**AIM OF THE EXERCISE:** Would you repeat each line below exactly, without the pictures?

**SUPPLIED INFORMATION:**
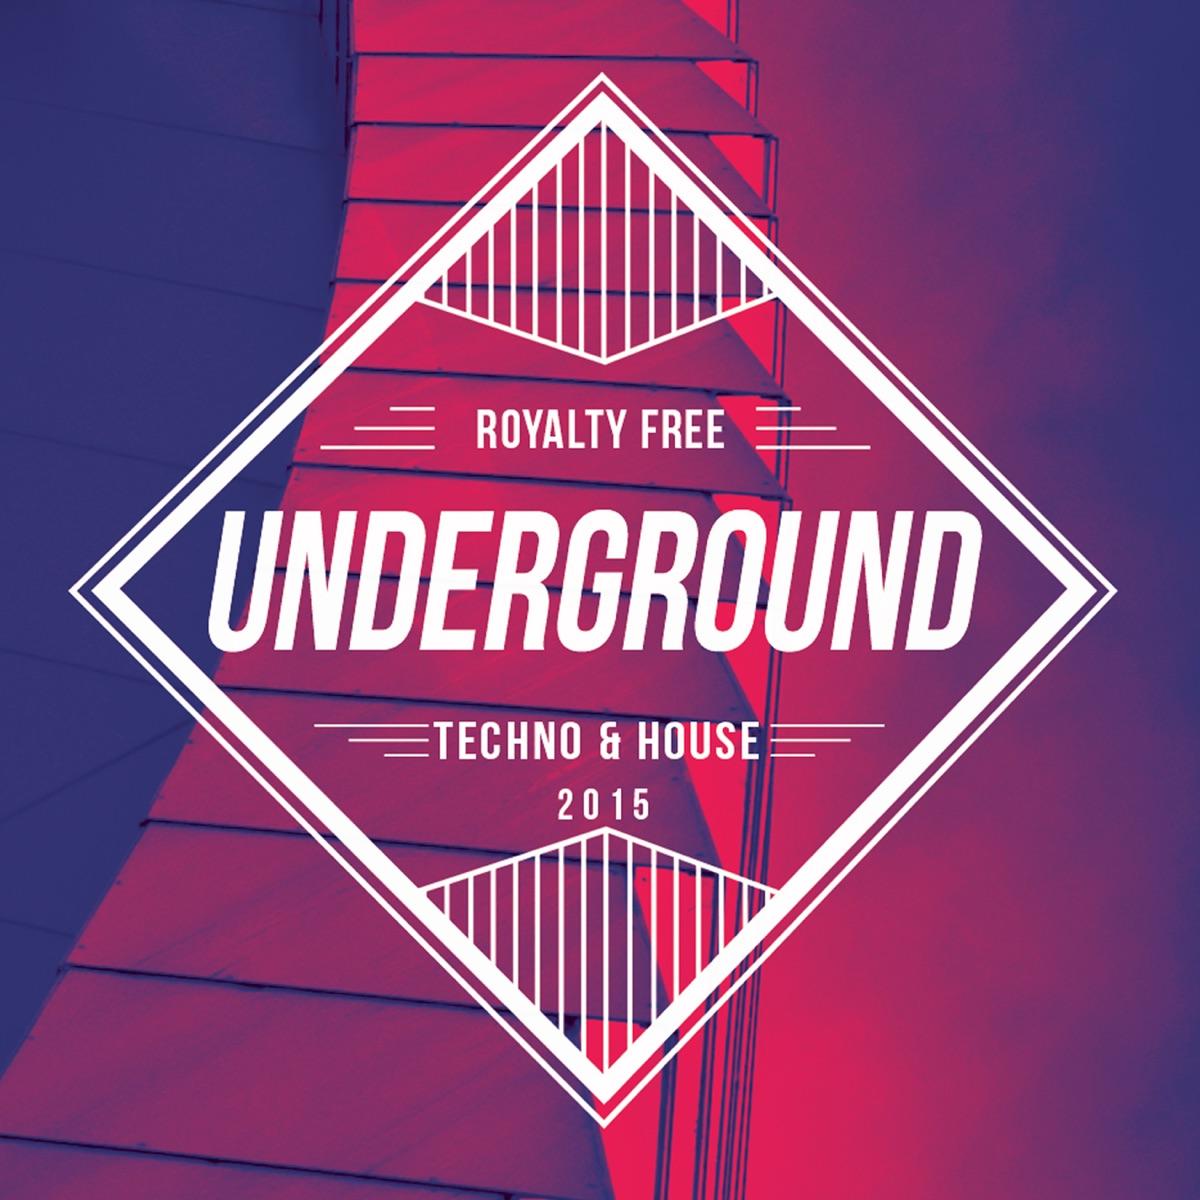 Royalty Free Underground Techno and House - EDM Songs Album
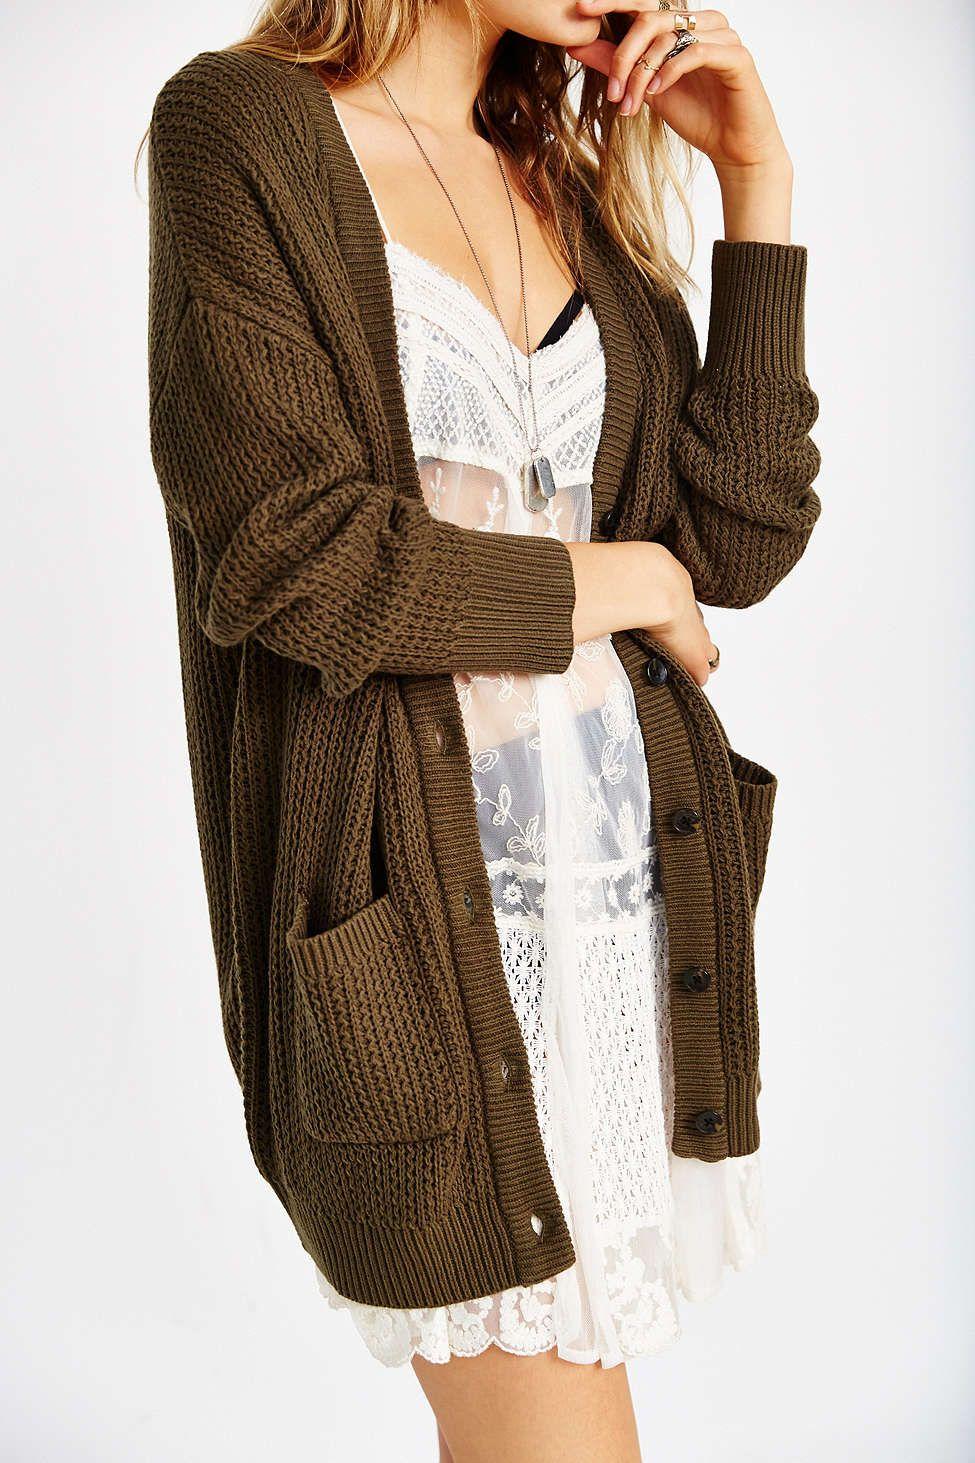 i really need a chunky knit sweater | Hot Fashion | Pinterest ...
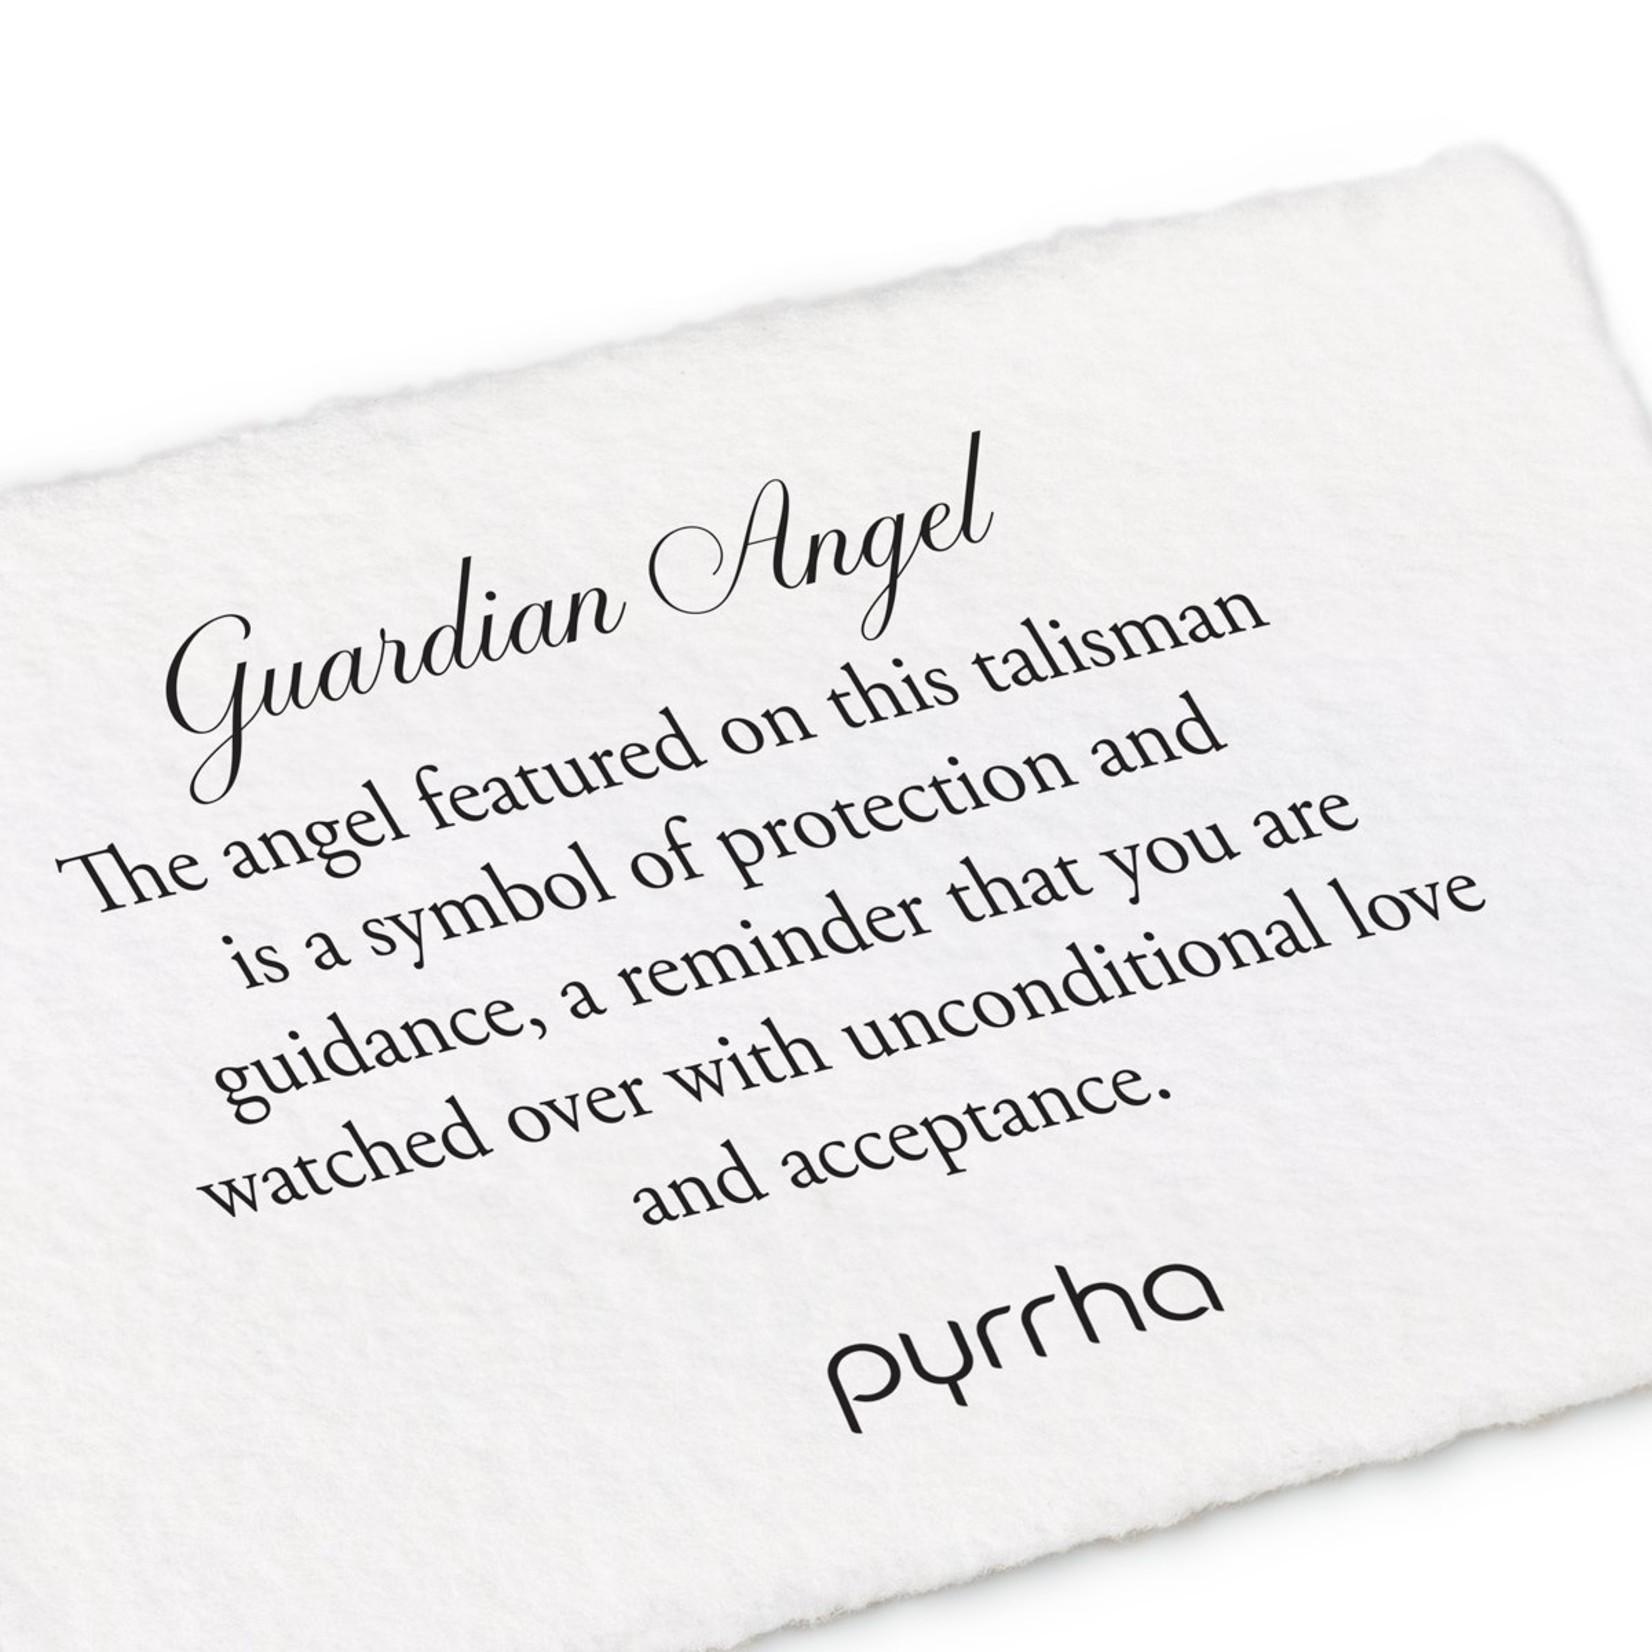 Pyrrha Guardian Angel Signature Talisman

**SOLUTION TO THIS EXERCISE:**
 Royalty Free Underground Techno and House - EDM Songs Album
 i really need a chunky knit sweater | Hot Fashion | Pinterest ...
 Pyrrha Guardian Angel Signature Talisman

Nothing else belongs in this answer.